Lulwah Alkwai (ODU, VA) (@LulwahMA) (your author) presented “How Well Are Arabic Websites Archived?”. In this work we focused on determining if Arabic websites are archived and indexed. We collected a simple of Arabic websites and discovered that 46% of the websites are not archived and that 31% are not indexed. We also analyzed the dataset to find that almost 15% had an Arabic country code top level domain and almost 11% had an Arabic geographical location. We recommend that if you want an Arabic webpage to be archived then you should list in DMOZ and host it outside an Arabic country.





Next, Ke Zhou (University of Edinburgh, UK) presented his paper “No More 404s: Predicting Referenced Link Rot in Scholarly Articles for Pro-Active Archiving” (from the Hiberlink project). This paper addresses the issue of having a 404 on a reference in a scholar article. They found that there are two types content drift and link rot, and that there are around 30% of rotten web references. This work suggests that authors to archive links that are more likely to be rotten.




Then Jacob Jett (University of Illinois at Urbana-Champaign, IL) presented his paper “The Problem of “Additional Content” in Video Games". In this work they first discuss the challenges that video games nowadays faces due to its additional content such as modification and downloadable contents. They try to address the challenges by proposing a solution by capturing additional contents.




After the final paper of the main conference lunch was served along with the announcement of best poster/demo by counting the number of the audience votes. This year there were two best poster/demo awards and they were to Ahmed Alsum (Stanford University, CA) (@aalsum) for “Reconstruction of the US First Website”, and to Mat Kelly (ODU, VA) (@machawk1) for “Mobile Mink: Merging Mobile and Desktop Archived Webs”, by Wesley Jordan, Mat Kelly, Justin F. Brunelle, Laura Vobrak, Michele C. Weigle, and Michael L. Nelson (learn more about Mobile Mink). 




Next, was the announcement for the awards for best student paper and best overall paper. The best student paper was awarded to Lulwah Alkwai (ODU, VA) (@LulwahMA) (your author), Michael L. Nelson, and Michele C. Weigle for our paper “How Well Are Arabic Websites Archived?”, and the Vannevar Bush best paper was awarded to Pertti Vakkari and Janna Pöntinen for their paper “Result List Actions in Fiction Search”.

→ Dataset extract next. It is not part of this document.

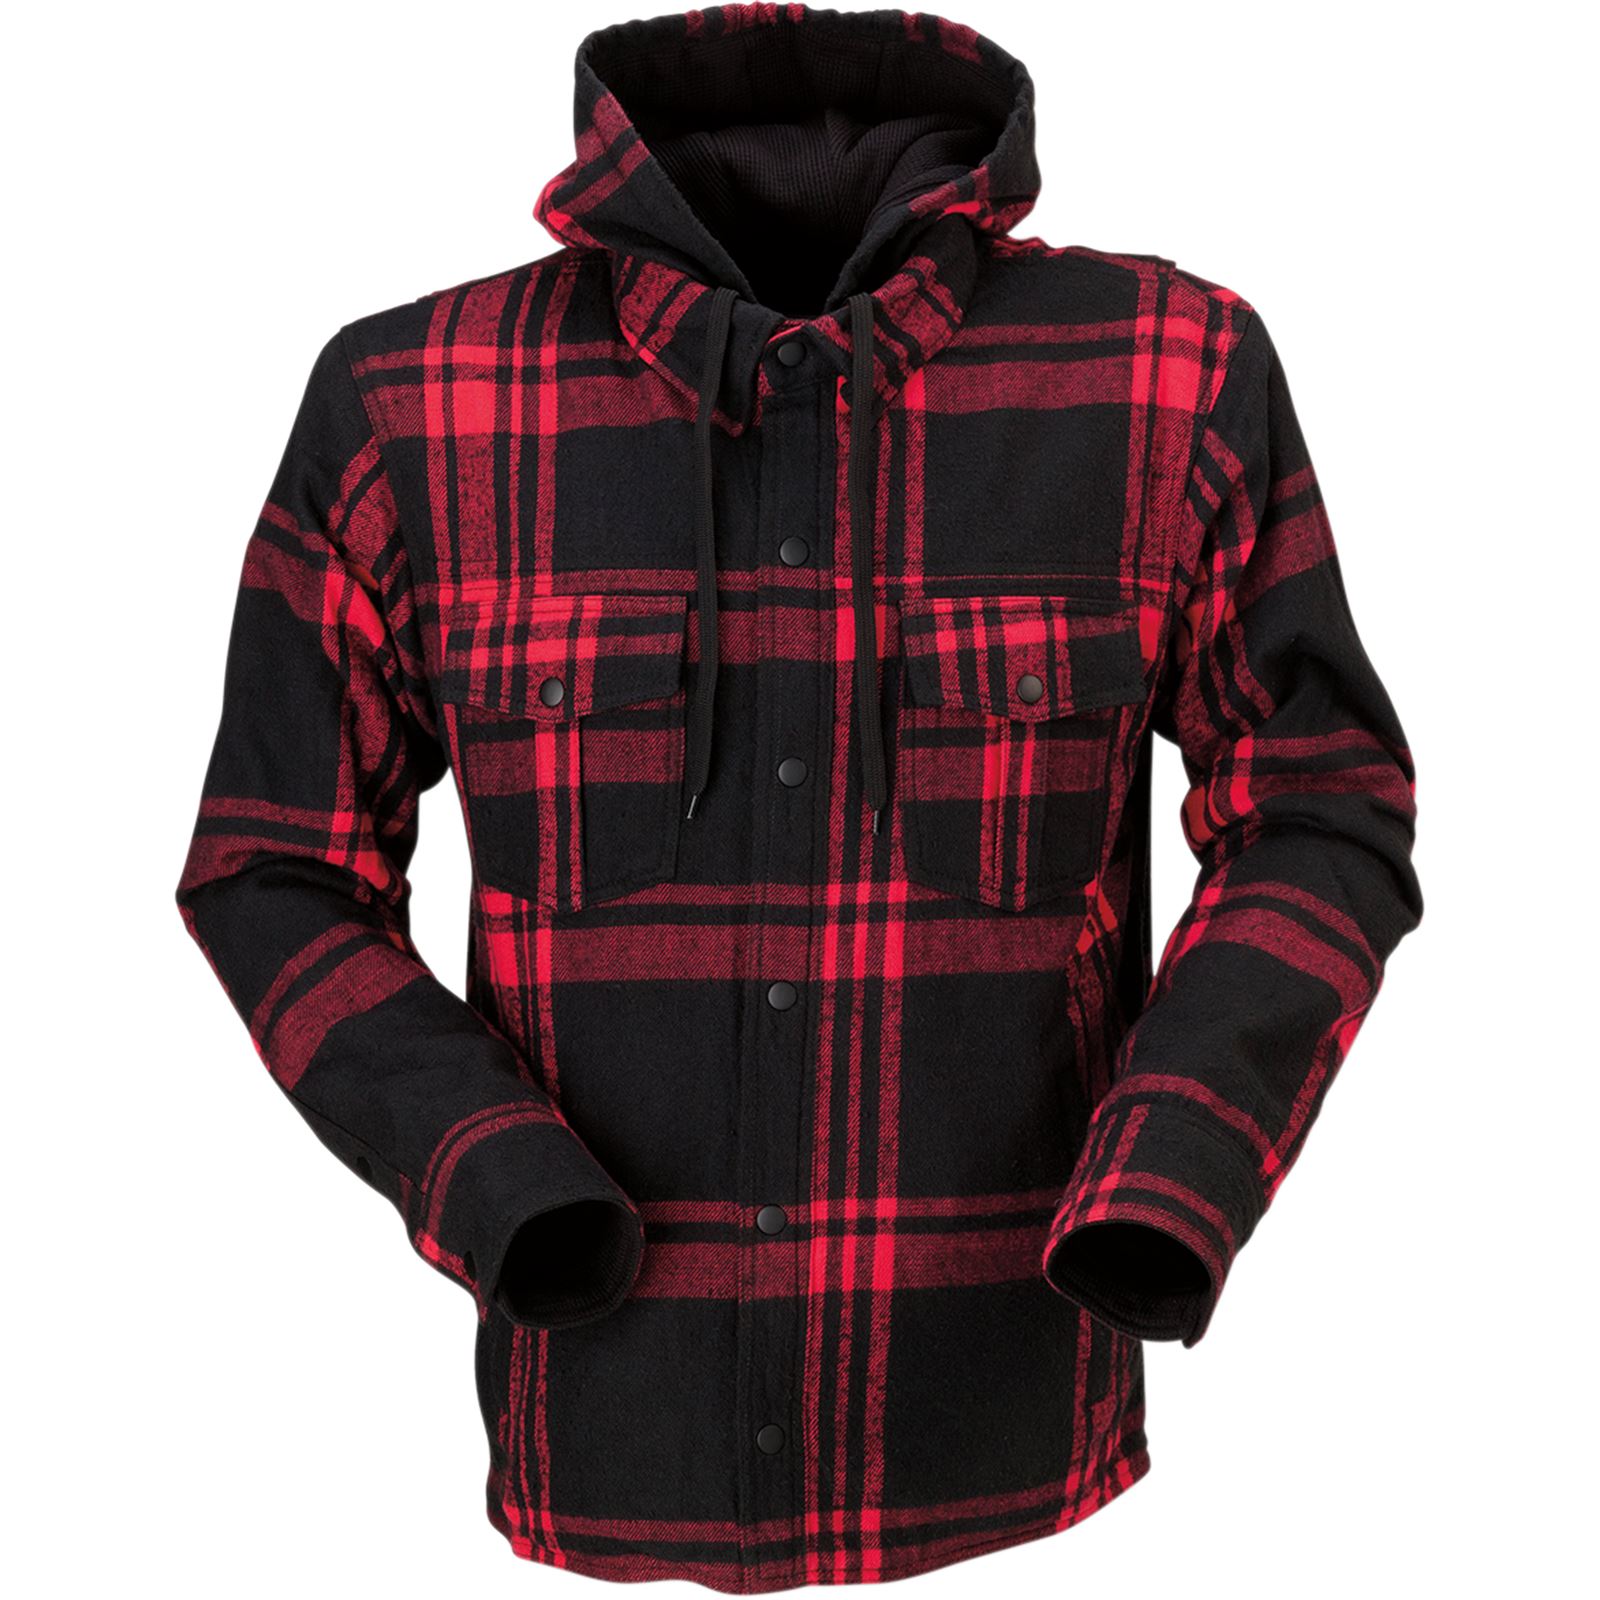 Z1R Timber Flannel Shirt - Red/Black - XL

After that there was the "Closing Plenary and Keynote", where J. Stephen Downie talked about “The HathiTrust Research Center Providing Analytic Access to the HathiTrust Digital Library’s 4.7 Billion Pages”. HathiTrust is trying to preserve the cultural records. It currently digitalized 13,496,147 volumes, 6,778,492 books and many more. There are any current projects that HathiTrust are working on, such as HathiTrust BookWorm which you can search for a specific term, the number of occurrence and its position. This presentation was similar to a presentation titled "The HathiTrust Research Center: Big Data Analytics in Secure Data Framework" presented in 2014 by Robert McDonald.

Finally, JCDL 2016 was announced to be located in Newark, NJ, June 19-23.

After that, I attended the "Web Archiving and Digital Libraries" workshop, where Sawood Alam (ODU, VA)(@ibnesayeed) will cover the details in a blog post.





by Lulwah Alkwai,

Special thanks to Mat Kelly for taking the videos and helping to edit this post.